Cyberattack shuts down US unemployment and labor websites • The Register


A cyberattack on a software company nearly a week ago continues to ripple through labor and manpower agencies in a number of US states, cutting people off from services such as benefits unemployment and job search programs.

Labor departments and related agencies in at least nine states have been affected. According to the Louisiana Workforce Commission in a statement this week, Geographic Solutions (GSI) was forced to shut down state labor exchanges and unemployment claims systems, and up to 40 states and Washington DC, all of which depend on the services. of GSI, may be affected.

In a statement to the media, GSI President Paul Toomey said the Palm Harbor, Fla.-based company “identified abnormal activity on our network” and took its services offline. Toomey did not say whether GSI had been hit by ransomware or another type of malware.

He said the company was working with third-party specialists to investigate the cyber incident and ensure it doesn’t happen again. Toomey said he hopes to restore services before the July 4 holiday, although by midday Friday here on the US East Coast, GSI’s website was still offline. Agencies in several states said they were notified of the issue by GSI on June 26.

According to the company’s LinkedIn page, GSI develops software for purposes such as workforce development, labor market information and unemployment insurance, and has created online offerings for state and local governments in over 35 states. The provider, which has more than 350 employees, also implements and maintains websites for agencies such as California, Florida, North Carolina and Indiana.

The closure of services affects tens of thousands of unemployed and job seekers across the country. The Louisiana Workforce Commission’s HiRE website outage affects nearly 11,000 people filing continuing unemployment claims in that state.

GSI also operates Tennessee’s Jobs4TN site, which includes the state’s unemployment system and labor data exchange and which has also been taken offline. About 12,000 Tennessee residents rely on the state’s unemployment program and workforce development programs, according to the state’s Department of Labor and Workforce Development. The California Department of Employment Development said in a notice [PDF] the GSI service shutdown caused its CalJOBS website to go offline.
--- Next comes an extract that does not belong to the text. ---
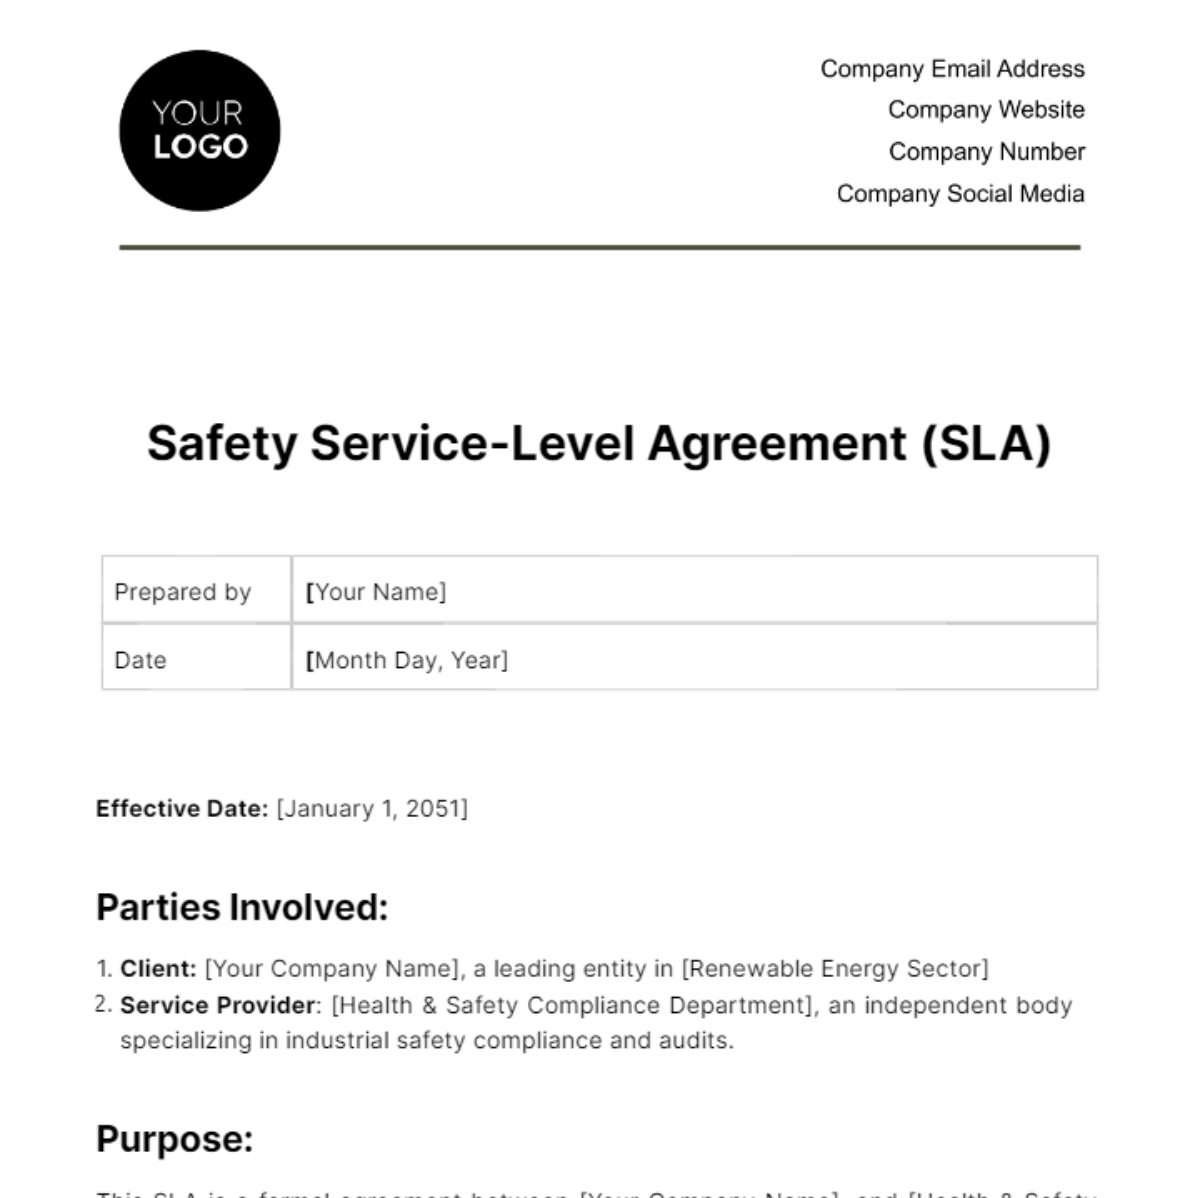 Free Safety Service-Level Agreement (SLA) Template

Other states, ranging from New Hampshire to Texas, were also affected by the GSI outage. The Nebraska Department of Labor, whose unemployment and job site NEworks has been taken offline, said in a statement that “GSI has indicated that this attack only affects access to GSI’s online systems and that there is no evidence that user data has been compromised”.

GSI said this attack only affected access to GSI’s online systems and there is no evidence that any user data was compromised.

According to Mike Parkin, senior technical engineer at Vulcan Cyber, although GSI does not comment on the type of attack that hit it, it looks like ransomware.

“Given how often ransomware is used, it wouldn’t be surprising if that were the case here,” Parkin said. The register. “While a threat actor might simply disrupt operations with denial of service, distributed denial of service, or destructive malware, the profit motive, especially where personal information may be involved, favors a ransomware attack. “

Given the unstable international situation and the nature of the target, it is possible that the attack came from a nation-state or a state-sponsored threat actor, he added.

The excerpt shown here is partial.